Tip 10: Check the Wings and Jack Attachments
“When the used truck camper is on the jacks inspect not only the camper’s underside, but the wings and jack attachments.
Tip 11: Look for Water Leak Stains around Plumbing Fittings
Pressurized water fittings (pump, water heater, hoses to faucets, etc.) will leave a stain if they have leaked. Stains in any wood raise the concern of dry rot weakening of the wood. Actually, the connectors are more likely to leak than the hoses.
Tip 12: Carefully Look At the Front Roof-Nose Seal
A roof seal likely to leak is at the juncture of the front of the roof and the top rear of the nose. It can be difficult to access, and therefore poorly inspected and maintained.
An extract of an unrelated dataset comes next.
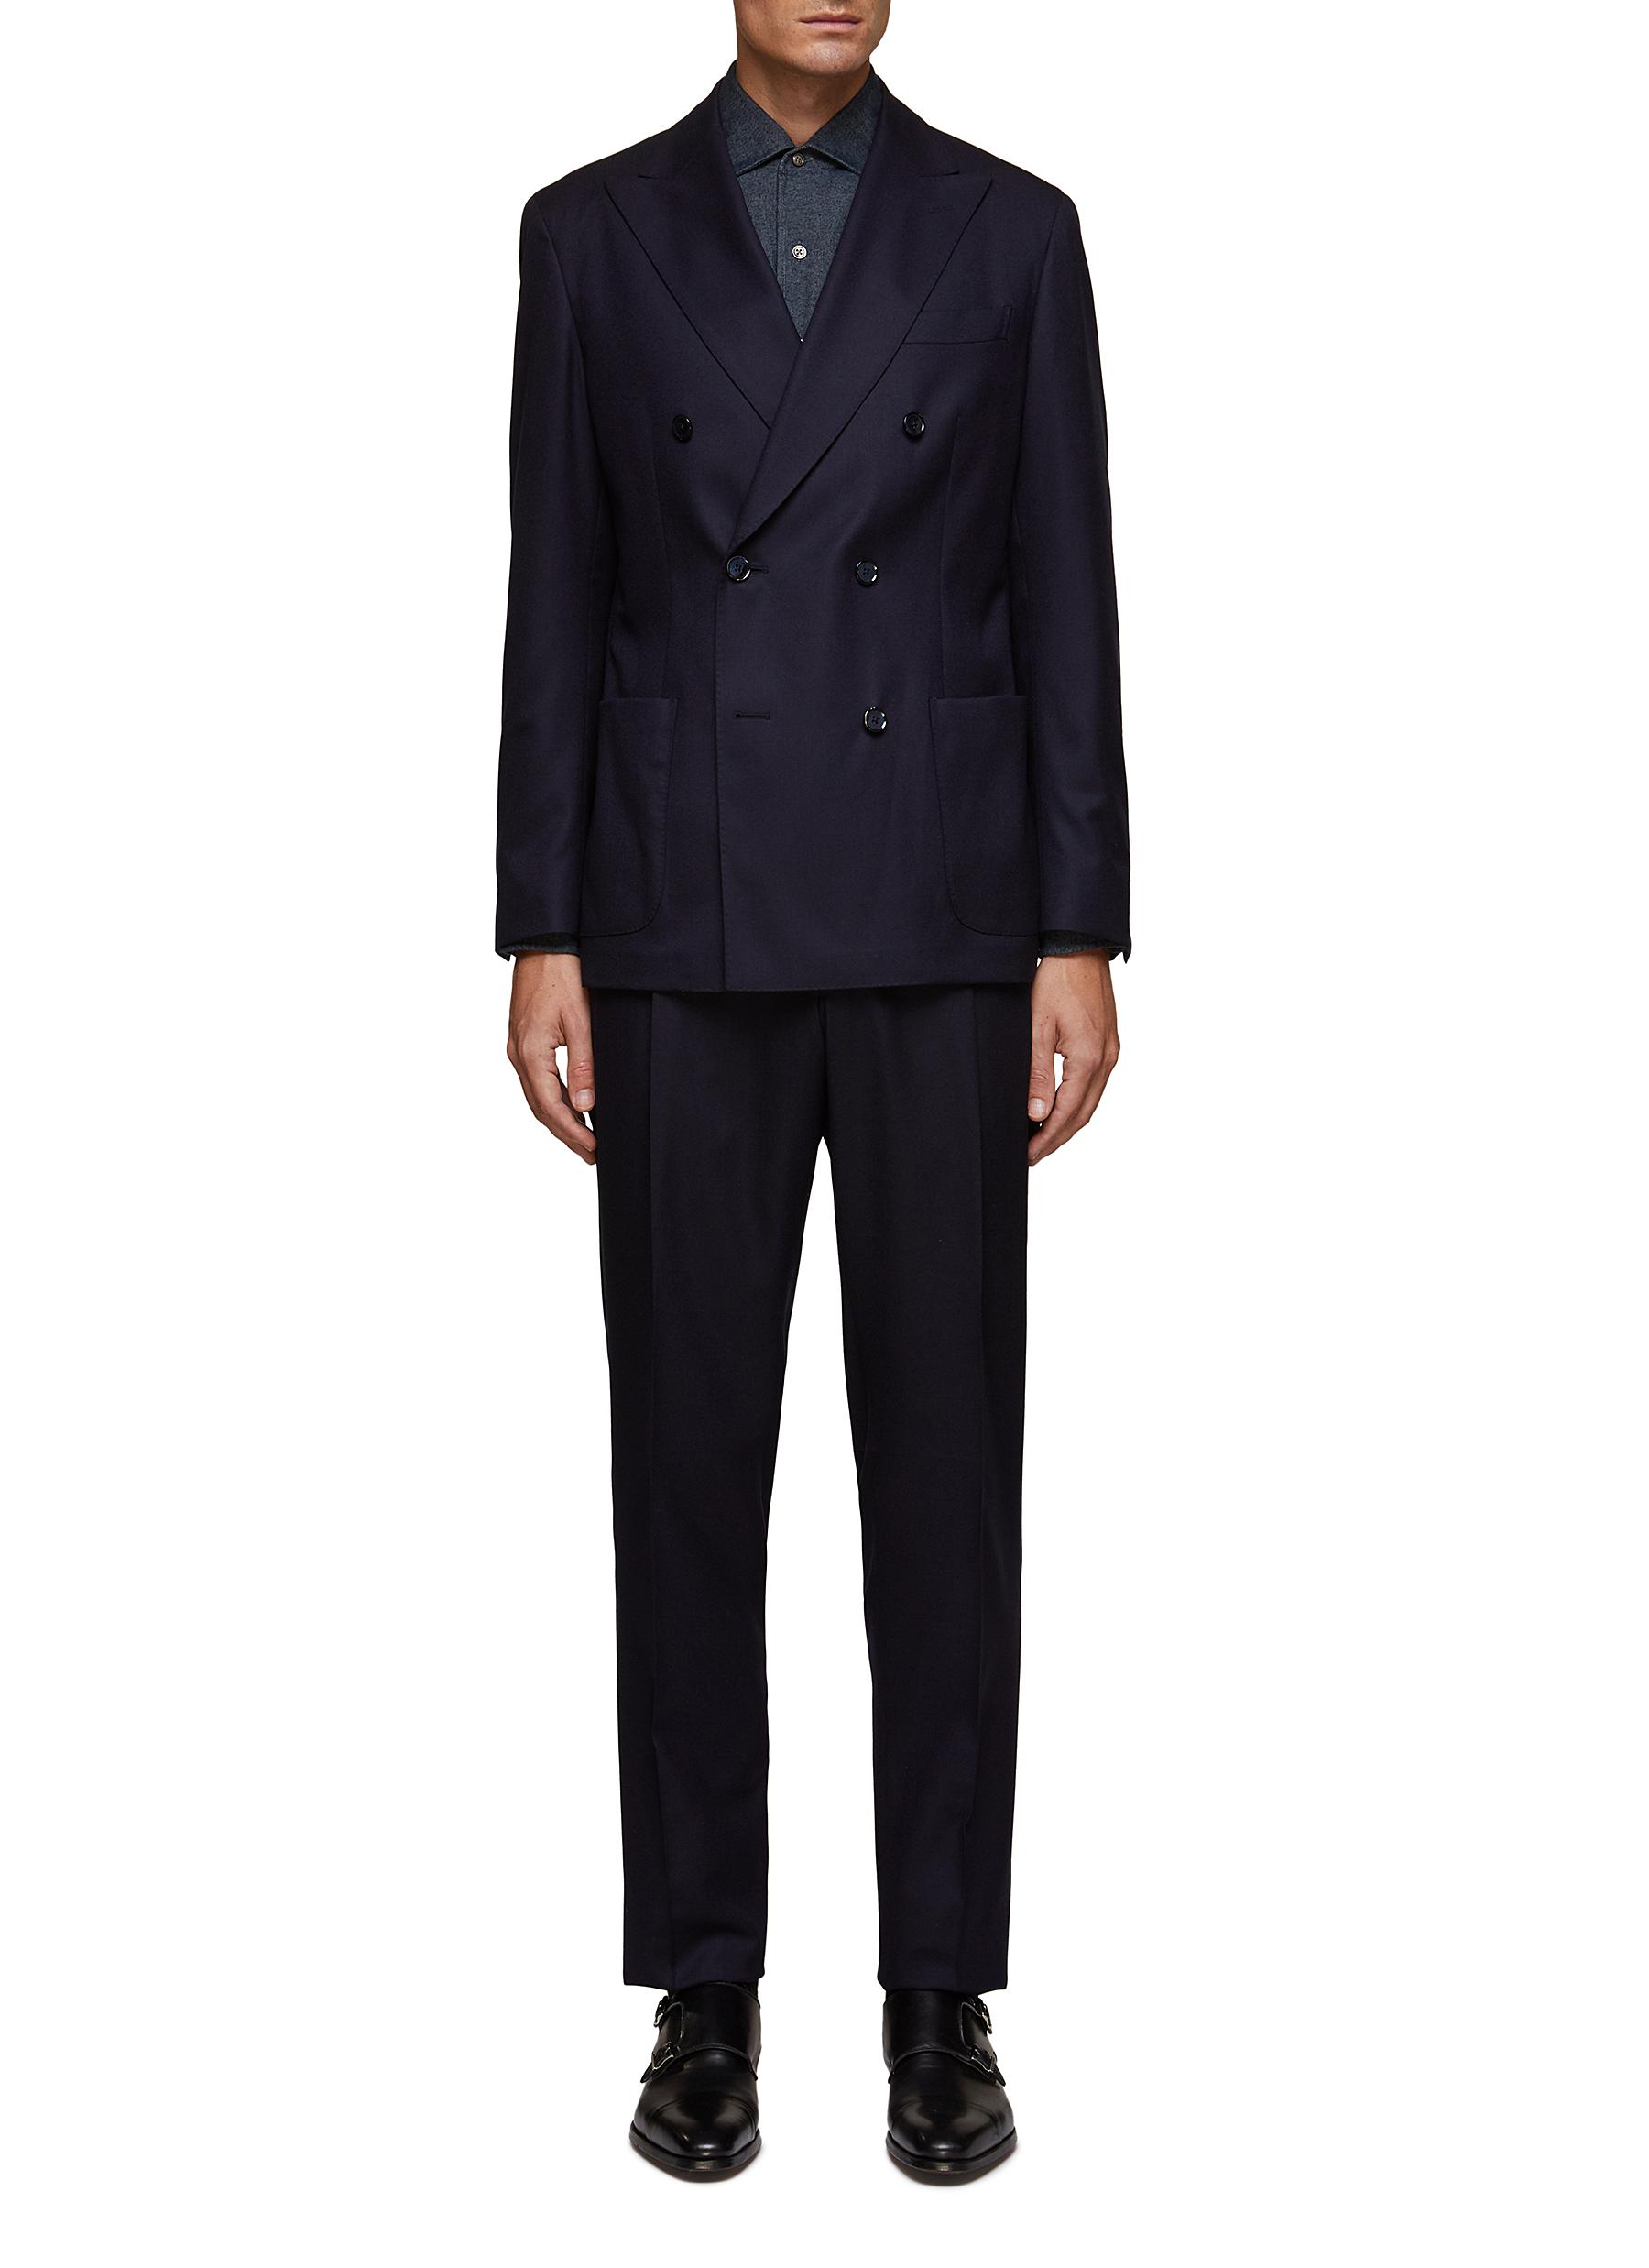 EQUIL DOUBLE BREASTED PEAK LAPEL UNLINED SUIT

The front bedroom window seal is always suspect.” – Philip Tron, 2009 chevy 3500 crew dually, 2012 Lance 1050
Tip 13: Use an Infrared Digital Thermometer to Detect Water Intrusion
“You pretty well covered everything except I prefer Sikaflex sealants over Eternabond and I use an Infrared Digital Thermometer to look for water intrusion.
With an IR thermometer, there will always be a temperature difference between a wall with no moisture intrusion and one with because the mold and rot behind the wallboard / wall covering will create heat and that will show on the IR. If you find a temperature differential, it’s time to investigate further.